Optimizing Real-Time Bidding: Machine Learning Approaches for Bid Shading and Winning Price Prediction

Real-Time Bidding (RTB) is a critical mechanism in online advertising, where Demand-Side Platforms (DSPs) must determine optimal bids to maximize returns. The effectiveness of bid shading algorithms heavily depends on accurately forecasting the winning price distribution, which differs significantly between second-price (SPA) and first-price (FPA) auctions. Unlike traditional point-estimation models, winning price prediction faces unique challenges such as data censorship and counterfactual learning, as DSPs often only observe win/loss outcomes rather than true market prices.

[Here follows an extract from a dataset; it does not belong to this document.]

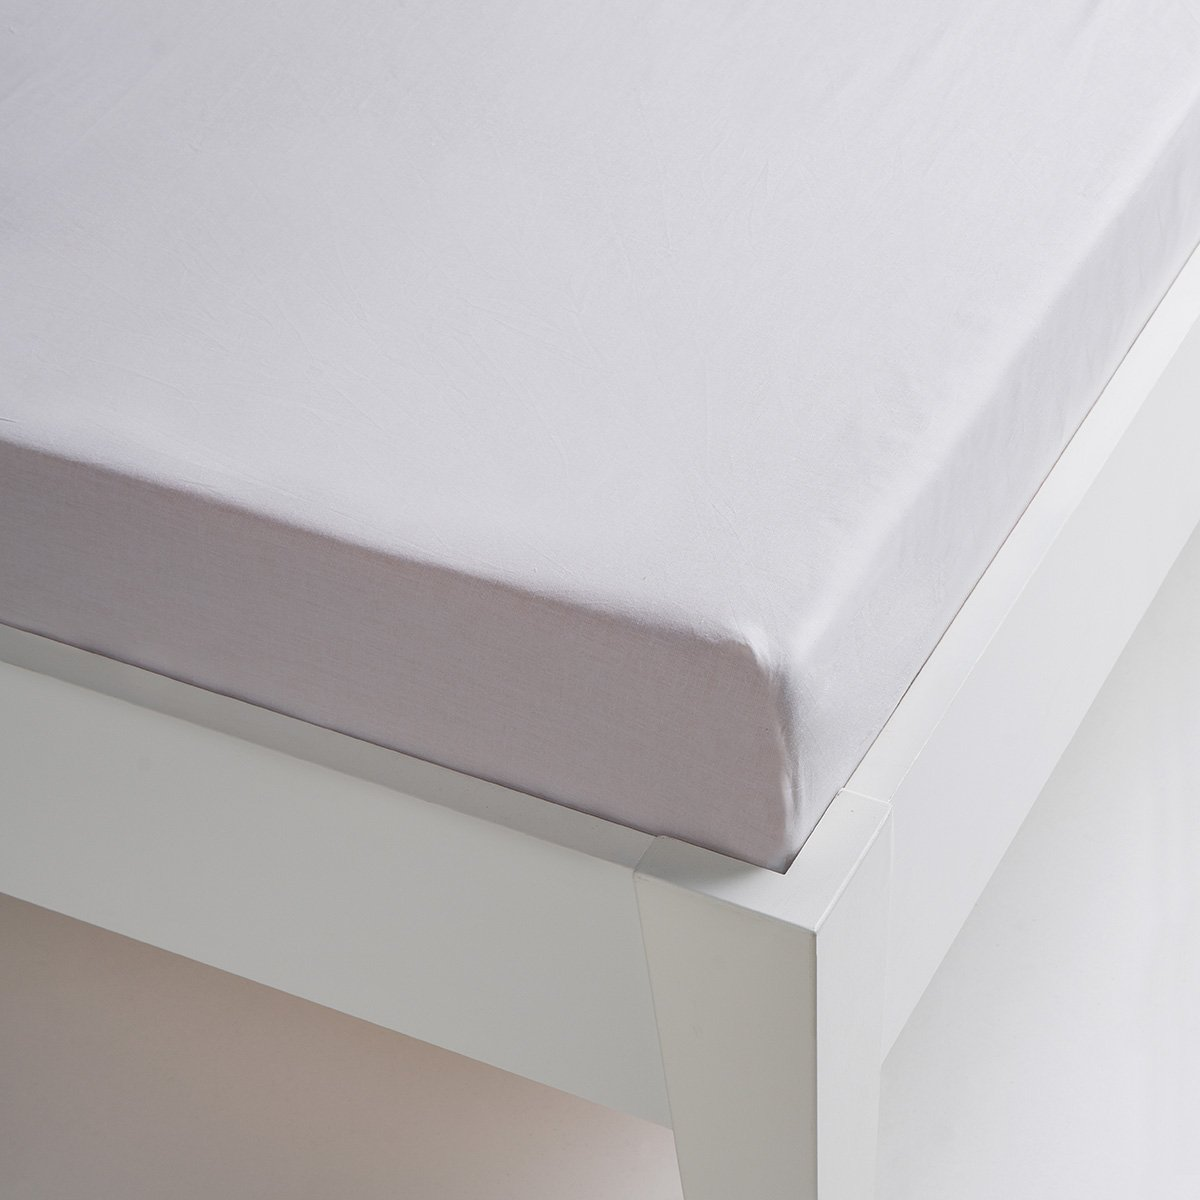 Aire Textil Sábanas HOSTELERIA - Bajera Ajustable Calidad 200 Hilos. Percal 100% algodón.

To address mixed censorship in auction environments, the authors propose the Multi-task Mixed Censorship Predictor (MMCP). This framework leverages the similarity between first-price and second-price auction environments to transfer market price information. It consists of four modules: feature embedding with mixture-of-experts, a second-price prediction module, a first-second mapping module (FSMM) that aligns distributions using Wasserstein distance, and a first-price prediction module optimized with an Adaptive Censorship Loss (ACL). Experiments on iPinYou and Tencent's Youlianghui datasets demonstrate that MMCP significantly outperforms baseline models in surplus rate.

Furthermore, traditional bid shading suffers from sample selection bias due to over-exploitation, leading models to converge to local optima. To mitigate this, the Cost-Effective active learning for Bid Exploration (CeBE) method is introduced. CeBE balances exploration and exploitation by formulating bid exploration as a stochastic knapsack optimization problem. It quantifies exploration utility using prediction entropy and sample similarity, while calculating exploration cost based on opportunity loss. By applying a greedy algorithm under budget constraints, CeBE effectively gathers representative training data, substantially improving model generalization and advertiser ROI compared to random exploration and standard active learning approaches.

In conclusion, bid shading and winning price prediction remain active research frontiers in computational advertising. Beyond classical distribution estimation and linear programming, modern solutions increasingly incorporate active learning, reinforcement learning, and uplift modeling. The integration of these advanced machine learning techniques enables DSPs to navigate complex auction dynamics, reduce advertising costs, and drive sustainable growth in real-time bidding ecosystems.